Exercise
Leave out every picture and set down, exactly, the lines below from the one holding "補助金テザーワーディアンケースオカモト プラスチックグローブ(50枚入) M" up to and including the one holding "Carolina Bang en".

Provided data section start

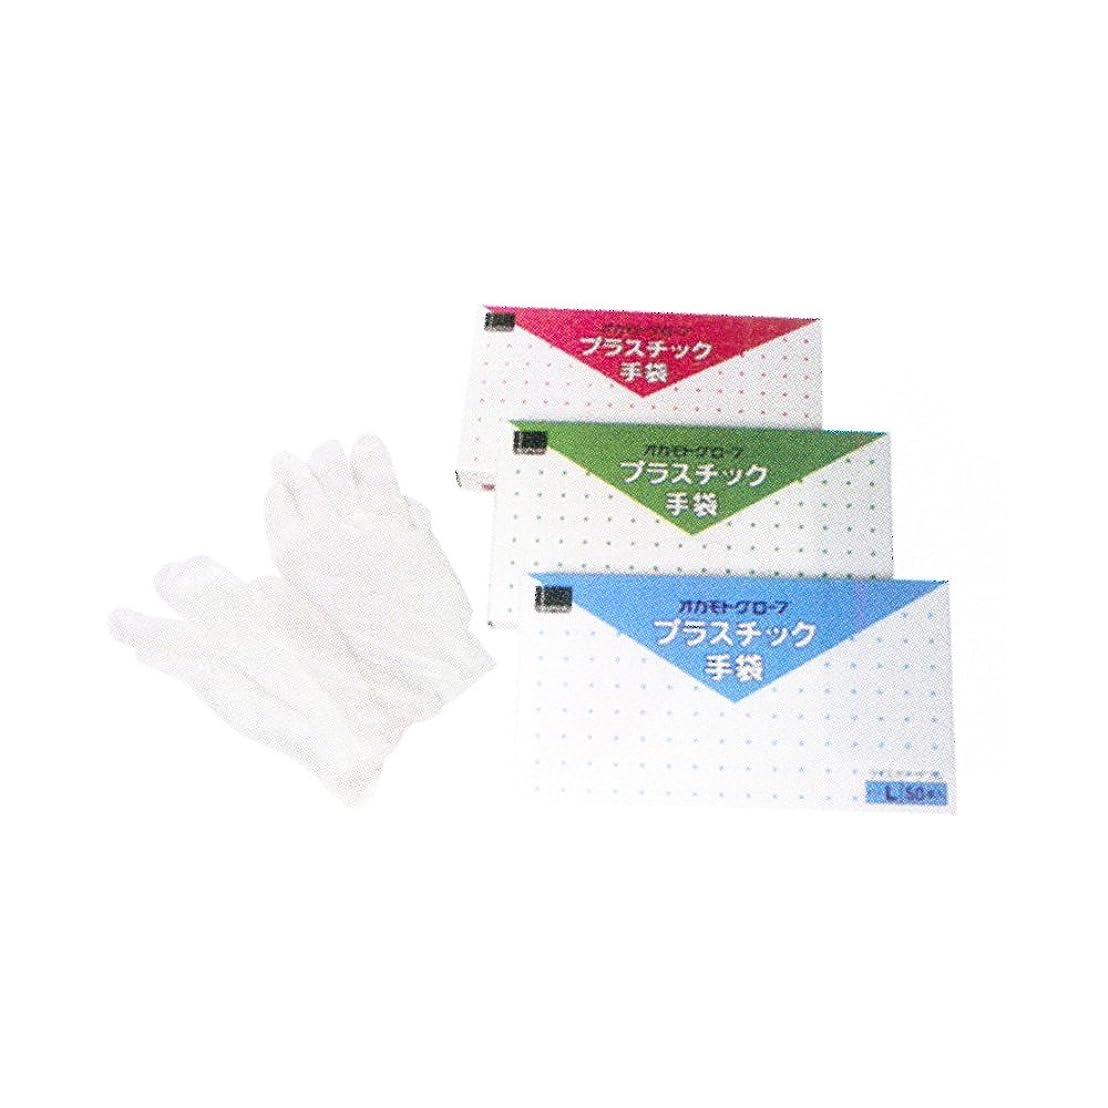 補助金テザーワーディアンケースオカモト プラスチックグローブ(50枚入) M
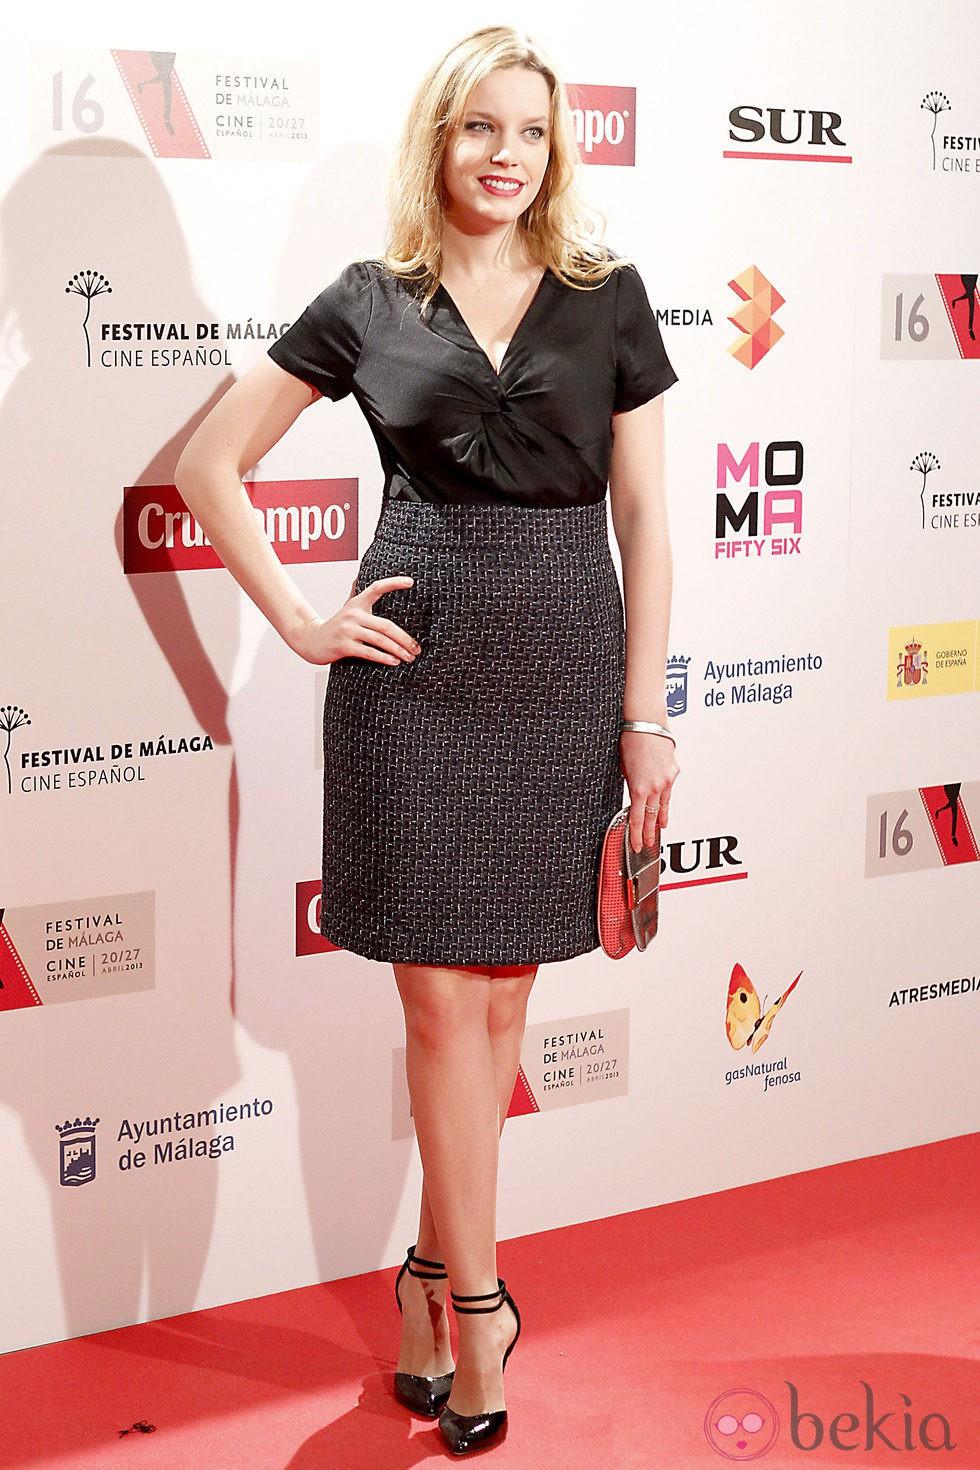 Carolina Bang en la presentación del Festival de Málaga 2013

Provided data section end
Provided data section start

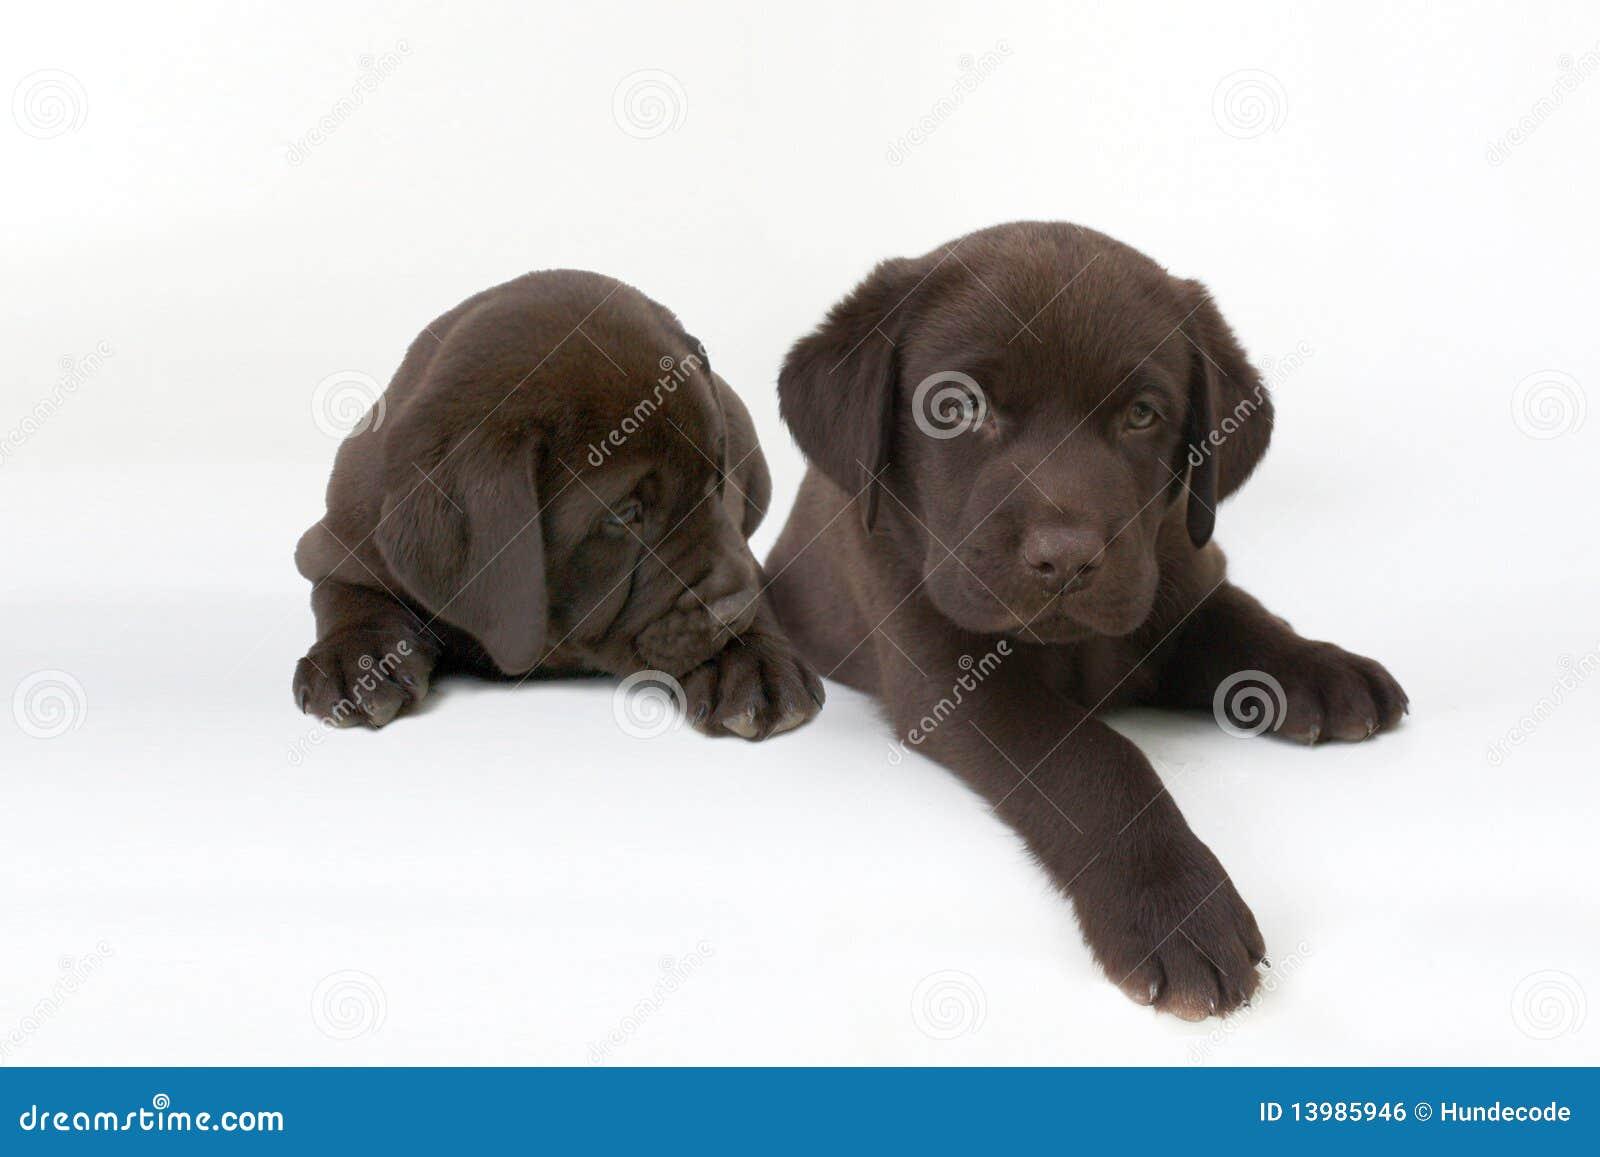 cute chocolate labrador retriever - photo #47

Provided data section end

Answer below
 補助金テザーワーディアンケースオカモト プラスチックグローブ(50枚入) M
 Carolina Bang en la presentación del Festival de Málaga 2013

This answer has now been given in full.